0
votes

I am having a tough time understanding what is wrong with my pl/sql trigger. The error is : Error report - SQL Error: ORA-01422: exact fetch returns more than requested number of rows ORA-06512: at "SYSTEM.TRG_LATE_RETURN", line 6 ORA-04088: error during execution of trigger 'SYSTEM.TRG_LATE_RETURN' 01422. 00000 - "exact fetch returns more than requested number of rows" *Cause: The number specified in exact fetch is less than the rows returned. *Action: Rewrite the query or change number of rows requested

My trigger is as follows:

create or replace trigger trg_late_return
before update of DETAIL_RETURNDATE, DETAIL_DUEDATE on TY_DETAILRENTAL

declare 
  temp_date DATE:= SYSDATE;
  temp_due_date DATE:= SYSDATE;

BEGIN
  select DETAIL_RETURNDATE
  into temp_date
  from TY_DETAILRENTAL;

  select DETAIL_DUEDATE
  into temp_due_date
  from TY_DETAILRENTAL;

  IF temp_date is null
  THEN
    update TY_DETAILRENTAL
    set DETAIL_DAYSLATE=null;
  END IF;

  if temp_date <> null
  THEN
    if temp_date = trunc(temp_due_date) + 1
    then
      update TY_DETAILRENTAL
      set DETAIL_DAYSLATE=0;
    end if;

    if temp_date > trunc(temp_due_date) + 1
    then
      update TY_DETAILRENTAL
      set DETAIL_DAYSLATE = DETAIL_RETURNDATE - DETAIL_DUEDATE;
    end if;  
  end if;

END;
/ 

New to SQL and PL/SQL so I would appreciate any help.

1
I doubt TY_DETAILRENTAL has exactly one row, so your select . . . into statements are not going to work. - Gordon Linoff

1 Answers

0
votes

None of your queries or updates have filters (where clauses) so you are working on the entire table - that can't be what you intended. You are trying to get all of the value of those columns into scalar variables, which can only hold a single value.

The trigger is also against the same table you're querying and updating, which suggests you actually meant this to be (or need this to be) a row level trigger, not a statement level trigger.

That means you need to add for each row to the definition, and instead of requerying and updating the table, you can operate on the new pseudorecord that is available for row level triggers.

You also can't use <> to compare with null; you're already using is null, and the opposite of that is is not null. Although you could also just use else here.

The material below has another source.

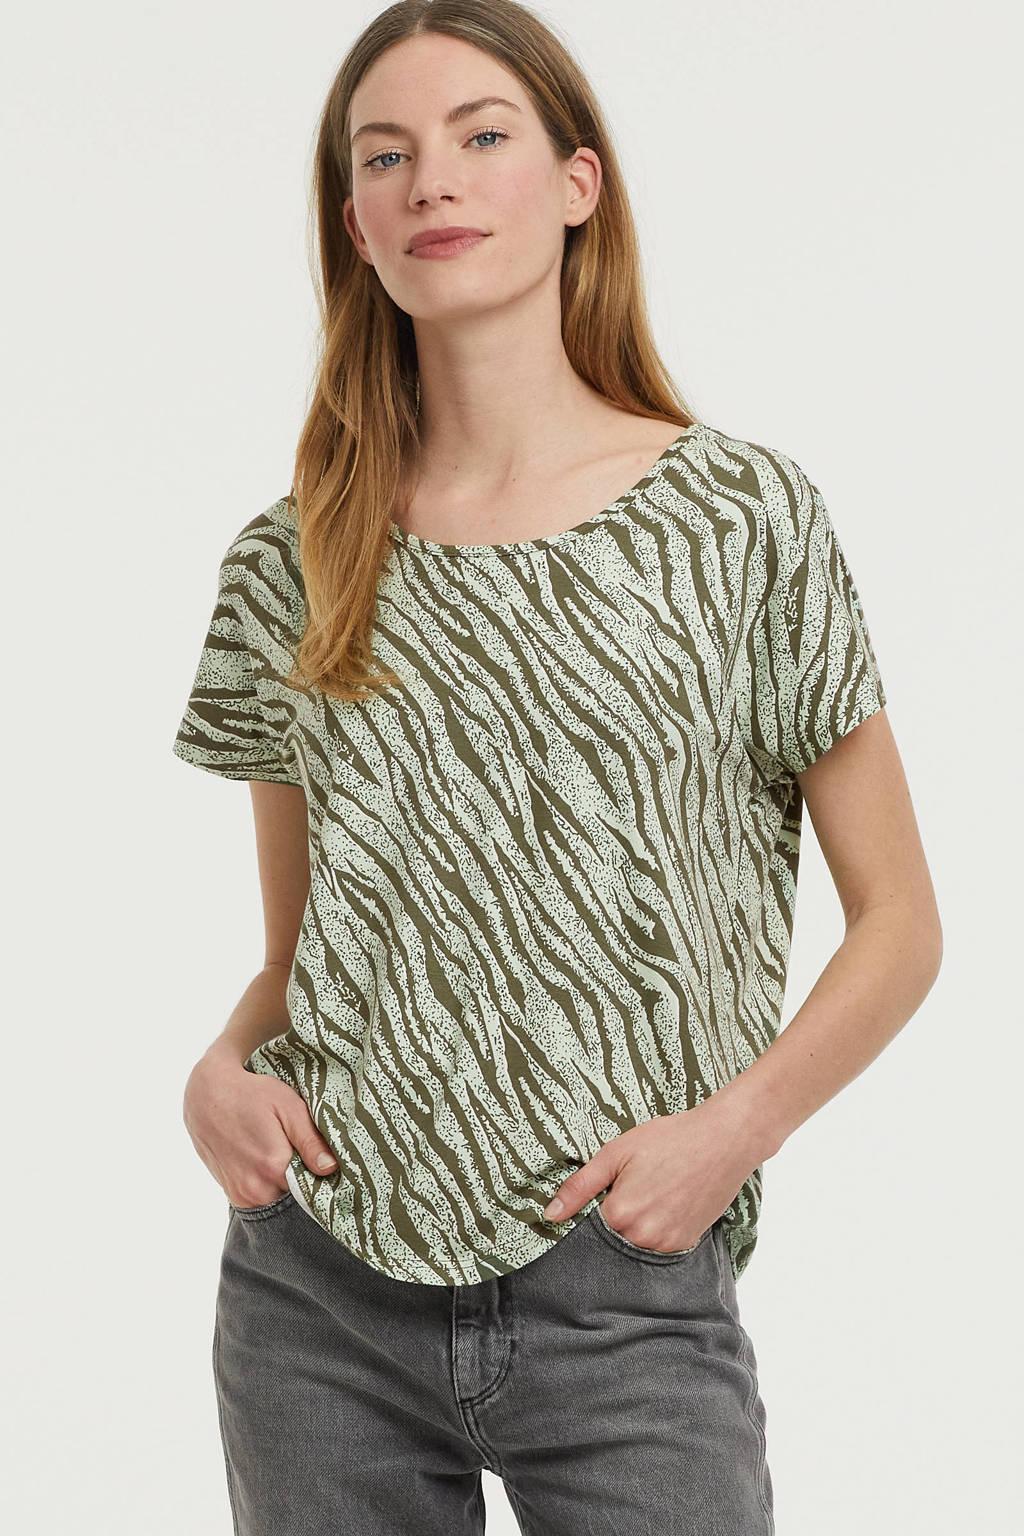 Fransa T-shirt met zebraprint mintgroen/olijfgroen, Mintgroen/olijfgroen

So this might be what you wanted:

create or replace trigger trg_late_return
before update of detail_returndate, detail_duedate
on ty_detailrental
for each row
begin
  if :new.detail_returndate is null
  then
    :new.detail_dayslate := null;
  else
    if :new.detail_returndate = trunc(:new.detail_duedate) + 1
    then
      :new.detail_dayslate := 0;
    elsif :new.detail_returndate > trunc(:new.detail_duedate) + 1
    then
      :new.detail_dayslate := :new.detail_returndate - :new.detail_duedate;
    end if;  
  end if;
end;
/

You can refer to the updated columns value with :new when comparing them too, so you don't need the local variable copies of those values. (You can look at the pre-update values with :old too, but that doesn't seem to be needed here).

Changes you make to the new pseudorecord are used when the actual matching row in the database is finally updated.